Rekordnationalspieler Lothar Matthäus hat sich nach dem 2:1-Sieg der deutschen Nationalmannschaft gegen die Elfenbeinküste klar für Torjäger Deniz Undav in der Startelf ausgesprochen. „Ich glaube schon, dass man Undav jetzt von Anfang an bringen müsste – was die Leistung betrifft, was die Quote betrifft“, schrieb der Weltmeister von 1990 in einer Kolumne bei Sky. Undav hatte die Partie am Samstag in Toronto mit zwei Toren in der Schlussphase gedreht und damit erneut seine Joker-Qualitäten unter Beweis gestellt.

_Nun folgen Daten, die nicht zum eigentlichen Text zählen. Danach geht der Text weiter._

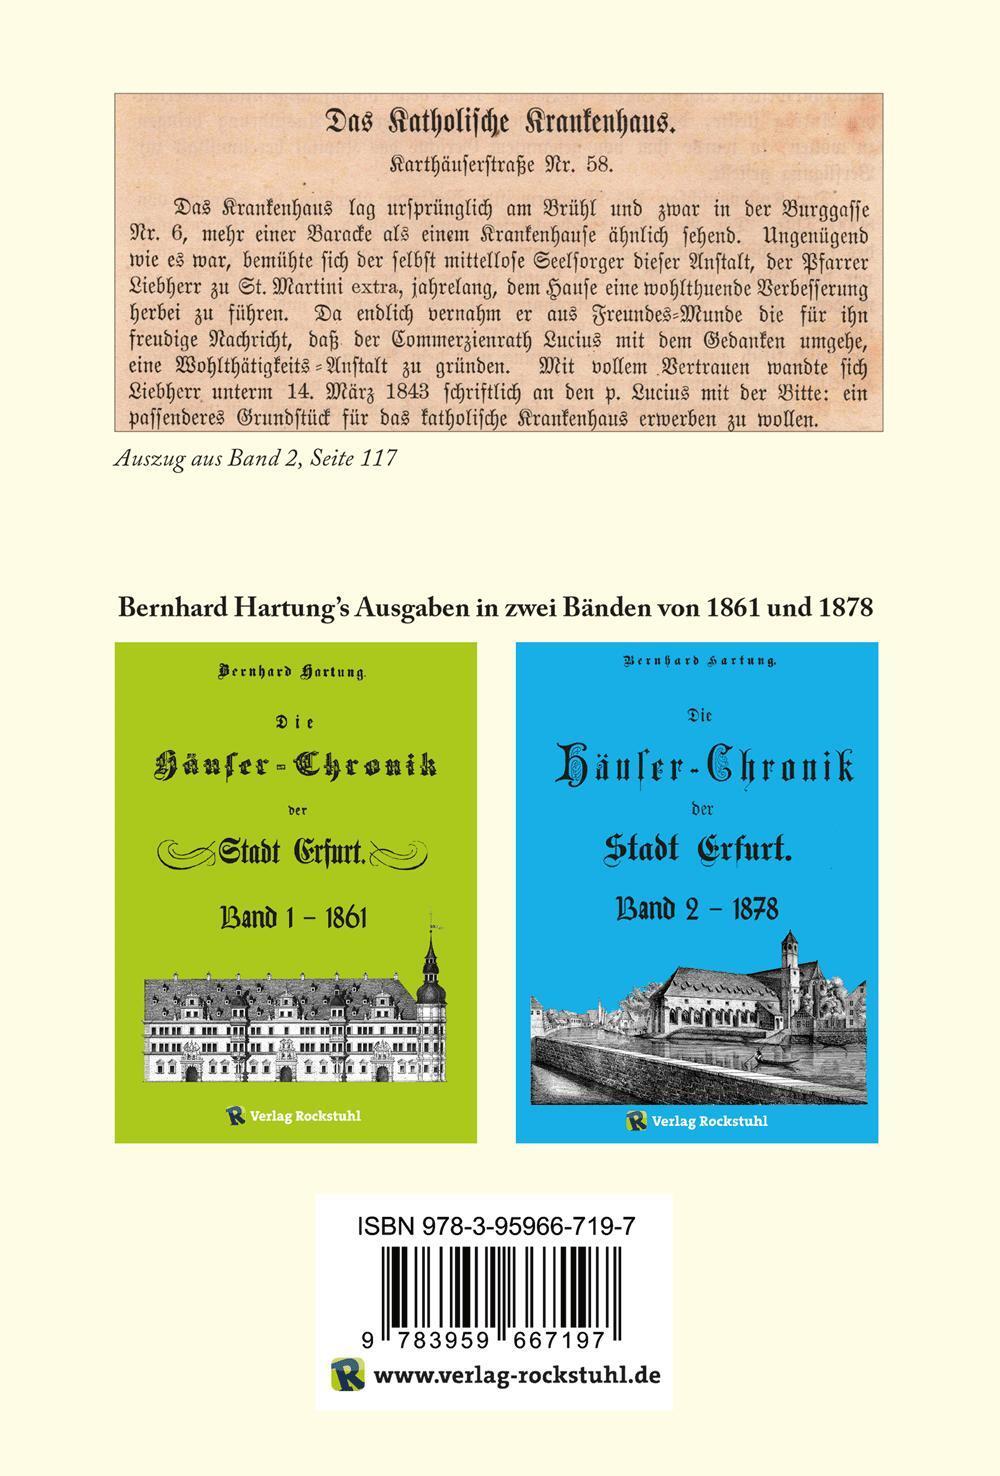 Rückseite: 9783959667197 | Die Häuser-Chronik der Stadt Erfurt 1878 - Band 2 von 2 | Hartung
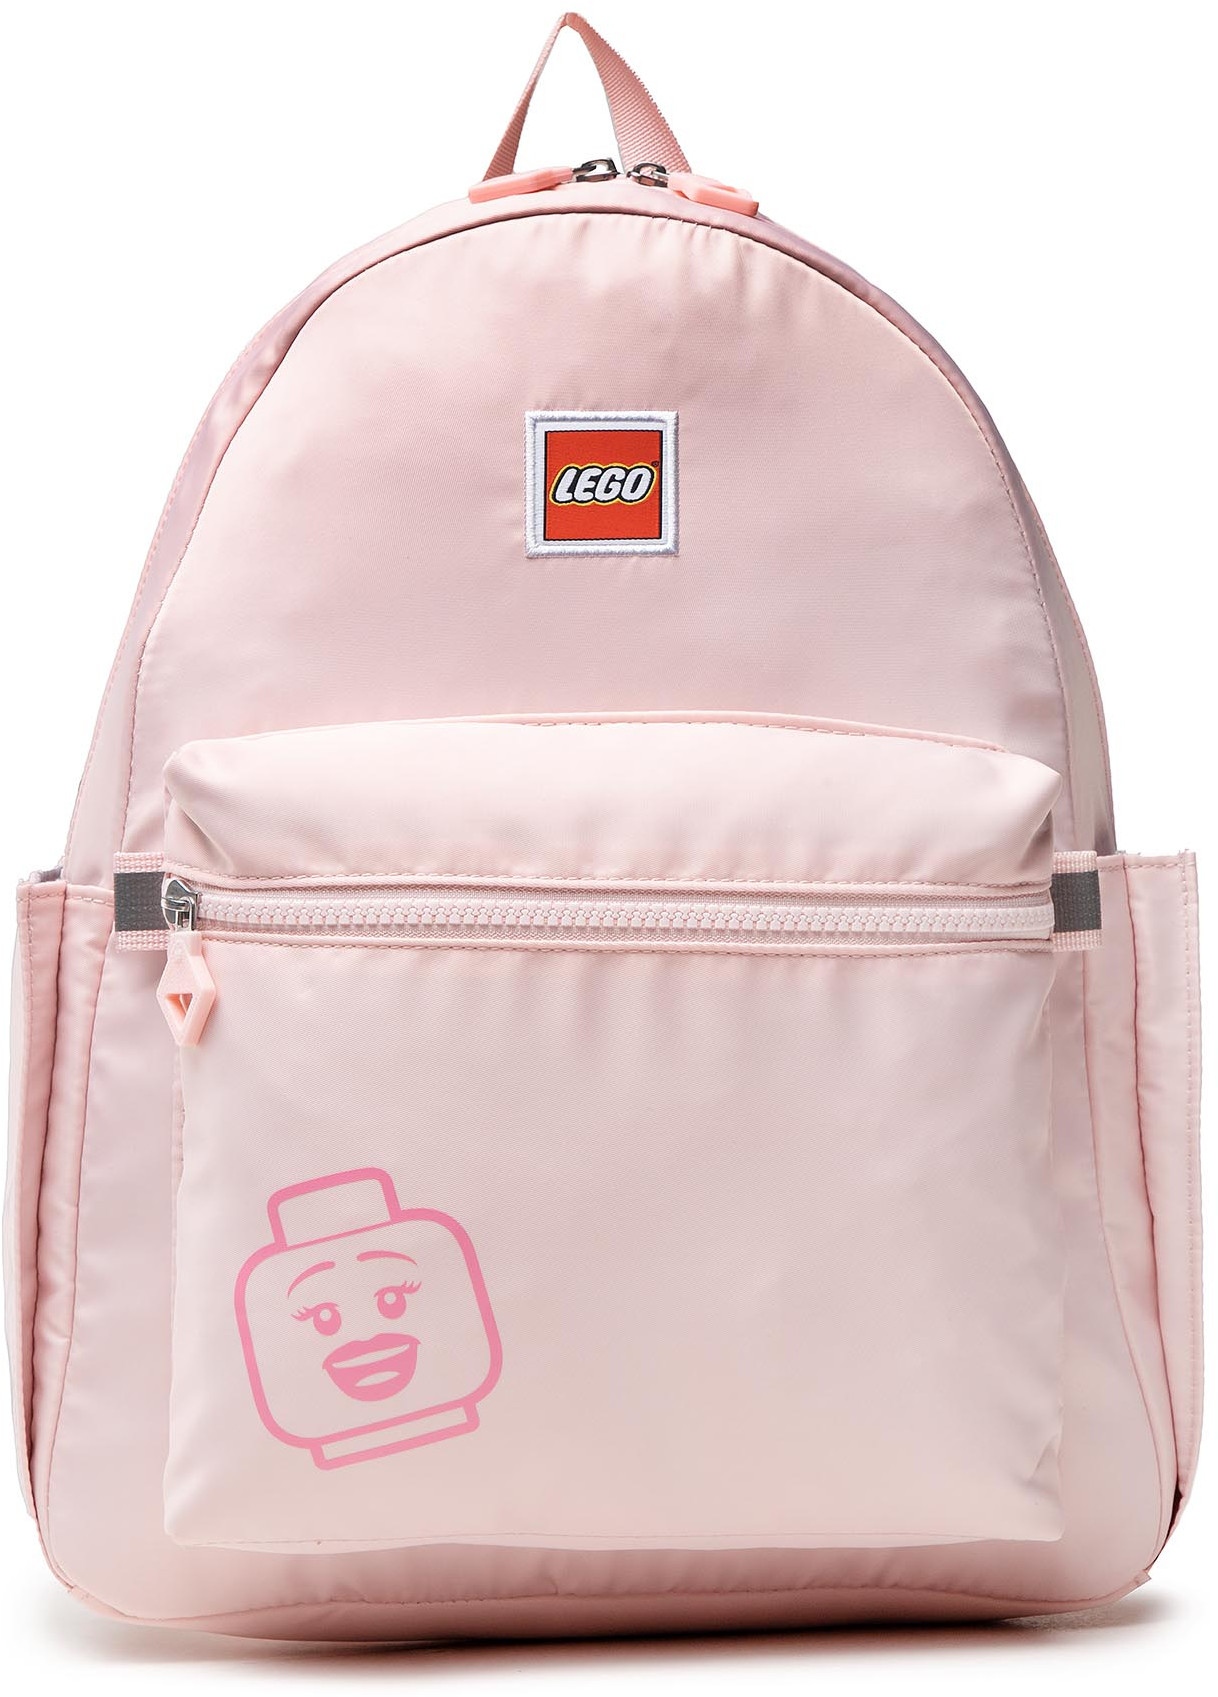 Plecak LEGO - Tribini Joy Backpack Large 20130-1935 Lego Emoji/Pastel Pink

Matthäus lobt Moral und Joker-Qualitäten
Der 65-jährige Matthäus betonte, dass Undav keinesfalls nur die Rolle des Einwechselspielers anstrebe: „Undav will natürlich kein Joker sein. Das will keiner. Jeder Spieler sieht es im Endeffekt als sein Ziel an, sich dem Trainer anzubieten. Und das hat Undav gemacht.“ Auch die weiteren Einwechselspieler erhielten Lob: „Das hat alles funktioniert und das ist eine tolle Erkenntnis für den Trainer.“ Ex-Bundestrainer Berti Vogts pflichtete in seiner Kolumne für die „Rheinische Post“ bei und hob die Moral des DFB-Teams hervor. „Trotz des 0:1-Rückstands hatte ich keine Bedenken, dass es noch einen deutschen Sieg gibt“, so Vogts. Das Gegentor sei sogar ein Weckruf gewesen: „Es war spürbar, dass das Gegentor die Spieler bei der Ehre gepackt hat.“
Vorrundenabschluss gegen Ecuador
Matthäus rechnet für das letzte Gruppenspiel am Donnerstag in East Rutherford gegen Ecuador mit Veränderungen in der Startaufstellung, warnte jedoch vor zu vielen Umstellungen. „Die Mannschaft wird dieses letzte Gruppenspiel auch gewinnen wollen – alleine, um die Atmosphäre hochzuhalten, die Spannung hochzuhalten“, erklärte er. „Man sollte einen Rhythmus und Kern beibehalten. Es warten nur noch Hochkaräter.“ Emotional sei der Erfolg gegen die Ivorer „ganz wichtig“ gewesen, „nicht nur für die Mannschaft, sondern auch für das Land Deutschland. Für die Fußball-Stimmung ist ein dramatischer Last-Minute-Sieg gegen die Elfenbeinküste vielleicht besser als ein klares 3:0.“
Undavs beeindruckende WM-Bilanz
Der Stürmer des VfB Stuttgart hat nach den ersten beiden deutschen Spielen bei der XXL-WM in den USA, Kanada und Mexiko nun drei Tore und zwei Vorlagen auf dem Konto. Das Team von Bundestrainer Julian Nagelsmann hat Platz eins in der Gruppe E bereits sicher. Gegen Ecuador geht es nun um den Gruppensieg und die weitere Stimmung vor der K.o.-Phase.